Malino does not believe that homosexuality is a sin and does not believe the Bible should be taken literally. "It was written in its own historical and cultural context, and as a Reform Jew, I take that into account," she says.

She also supports same-sex marriage. "I think that gay people should have the same civil rights as everybody else, including the right to get married to the person we love."

She and her partner had their own wedding in 1998, an outdoor ceremony in New York presided over by Malino's father and late grandfather, both rabbis in the Reform movement. The couple also went to Vermont for a civil license, after that state made it legal. And they have an appointment to go to San Francisco's City Hall for a marriage license next month, if that city is still issuing them.

"It's like adding your voice to the group of people who are seriously requesting this," Malino explains.

Like many other faiths, Judaism is split over homosexuality. The Orthodox and Conservative branches of Judaism do not allow openly homosexual clergy, while the Reform and Reconstructionist branches ordain them. Malino hopes for a resolution.

"I think there can be, and I think there are some people in both the Orthodox and Conservative communities who are working toward resolution," she says. "Whether they actually change their beliefs or not, I think there will be growing levels of tolerance for each other's beliefs, and in some ways that may be the most we can hope for."

WILLIAM CHESTER McCALL III

This year, the Rev. William Chester McCall III celebrates 25 years in the ordained ministry.
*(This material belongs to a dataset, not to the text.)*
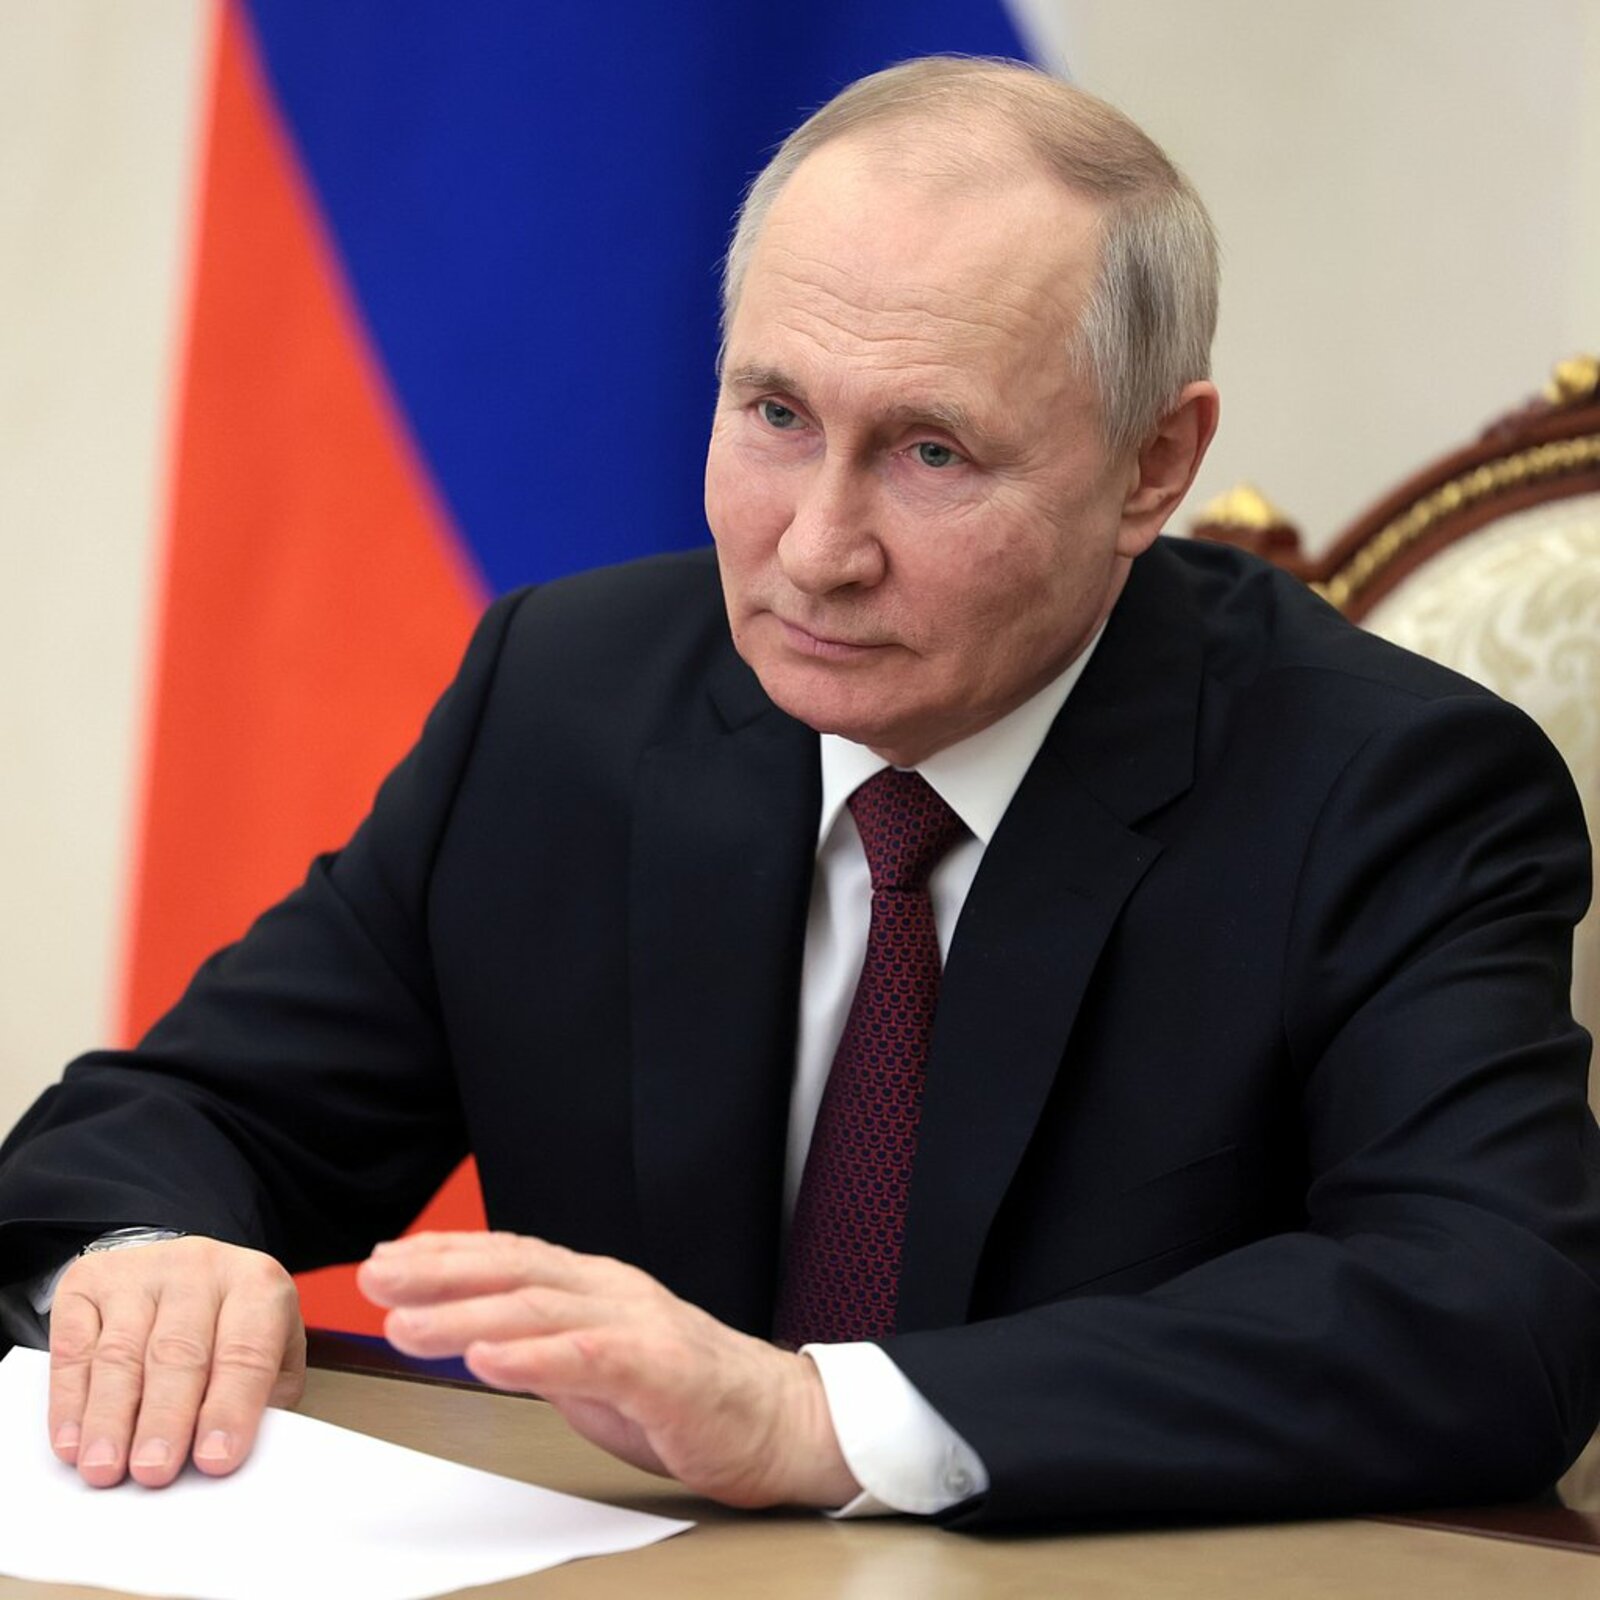 Путин подписал закон о запрете рекламы на ресурсах иностранных агентов
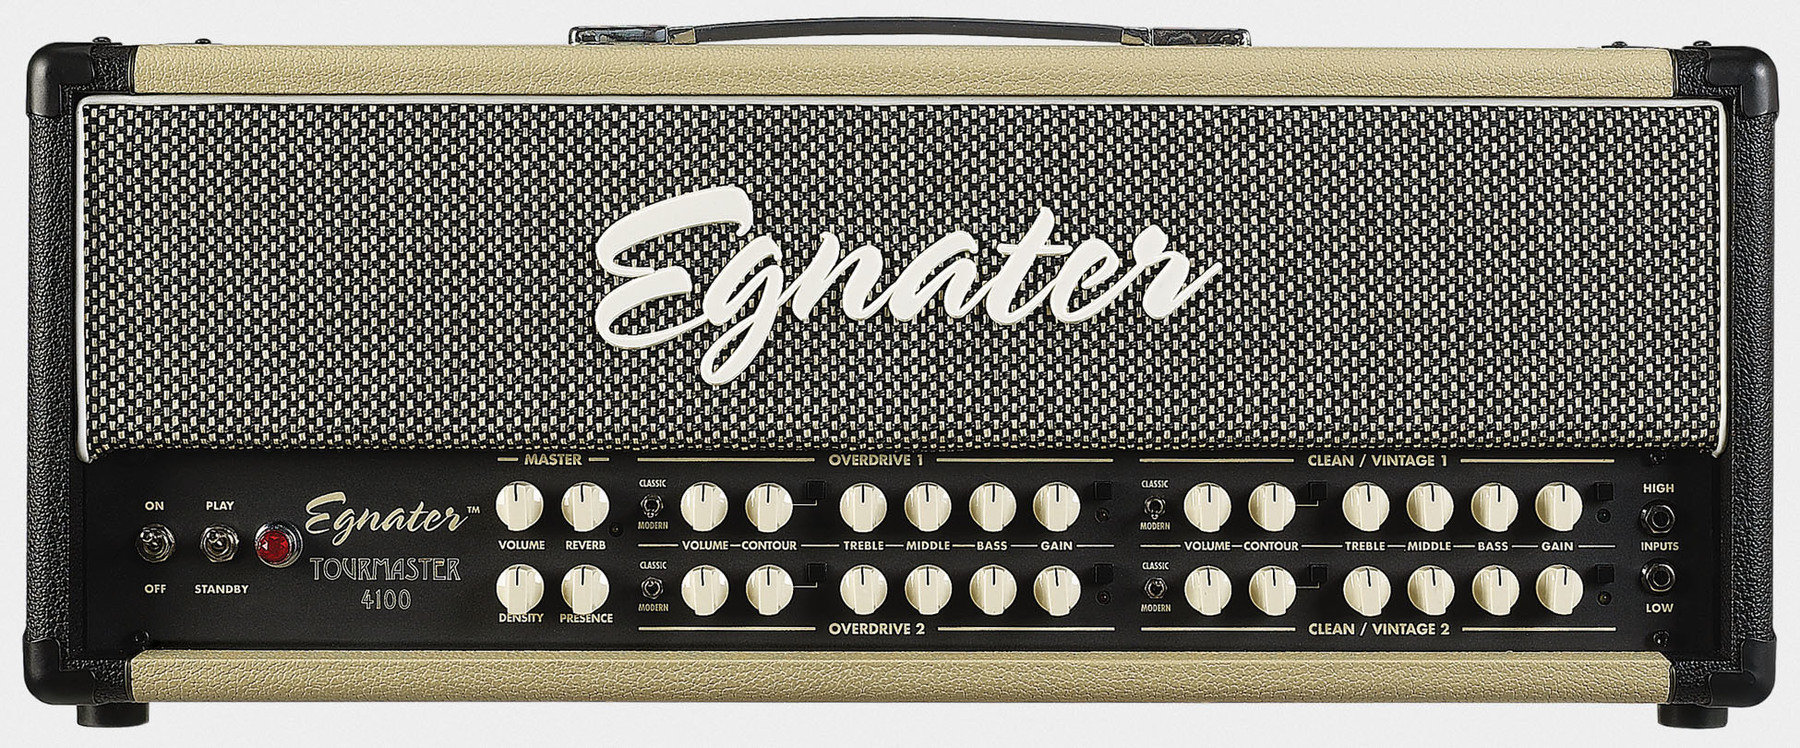 Tube Amplifier Egnater Tourmaster 4100

Born and raised in the Bay Area as a Catholic, he knew he wanted to be a minister since he was 12 years old. But he also knew he was a "sexual being," meaning he wanted to pursue ordination in a faith that would not require him to be celibate.

He began as a United Church of Christ minister and is now working with the Unitarian Universalist Association, a liberal movement whose roots are Judeo-Christian but does not subscribe to a particular religious creed.

Last summer, he took a one-year position as interim associate minister for First Unitarian Universalist Church of San Diego, a Hillcrest congregation with about 650 members.

Church president Joy Gorian says his sexual orientation is not a factor at First Unitarian Universalist. "It has not in any way adversely affected our congregation, because we are a people who believe that human beings have dignity no matter what their sexual orientation is," Gorian says.

McCall considers himself bisexual. He's been married twice but has been in a same-sex relationship with a partner for the past 15 years. "It's easier to say I'm gay because that's the slot people are going to put me in, rather than say I'm bisexual," he says.

No, he does not consider his sexual orientation a sin. "If it's such a sin, then why I am so blessed?" asks McCall. Instead, he talks about the importance of being in a "right relationship" - one that is not abusive and includes commitment, accountability and sharing.

The 55-year-old clergyman has served in several congregations and social service organizations during his career. He says the color of his skin has been more of an issue than his sexuality. "People are more afraid of me because I'm a black male than because I'm gay."

McCall supports gay marriage. He and his partner, he says, consider themselves married - though the idea of doing it officially in San Francisco is a new option that they are considering.

Like others who defend homosexuality, McCall does not read the Bible literally. He believes it is not the Bible, but some of its interpreters, who condemn him. And when he needs reassurance, he looks at the screen on his cell phone, which is programmed with the message: "You are God's child!!!"

He sets down the phone and adds: "I don't just believe it. I know it."

What would God say about the religious divides over homosexuality? "Get over it," McCall answers. "God does not support anything that divides us from each other or ourselves."

He paraphrases Jesus' teachings from the Gospels: "Love thy God with all thy heart and thy neighbor as thyself." He talks about the possibility of a world someday where the color of your skin or who you love doesn't matter. "I better hope that or else I wouldn't be doing what I do."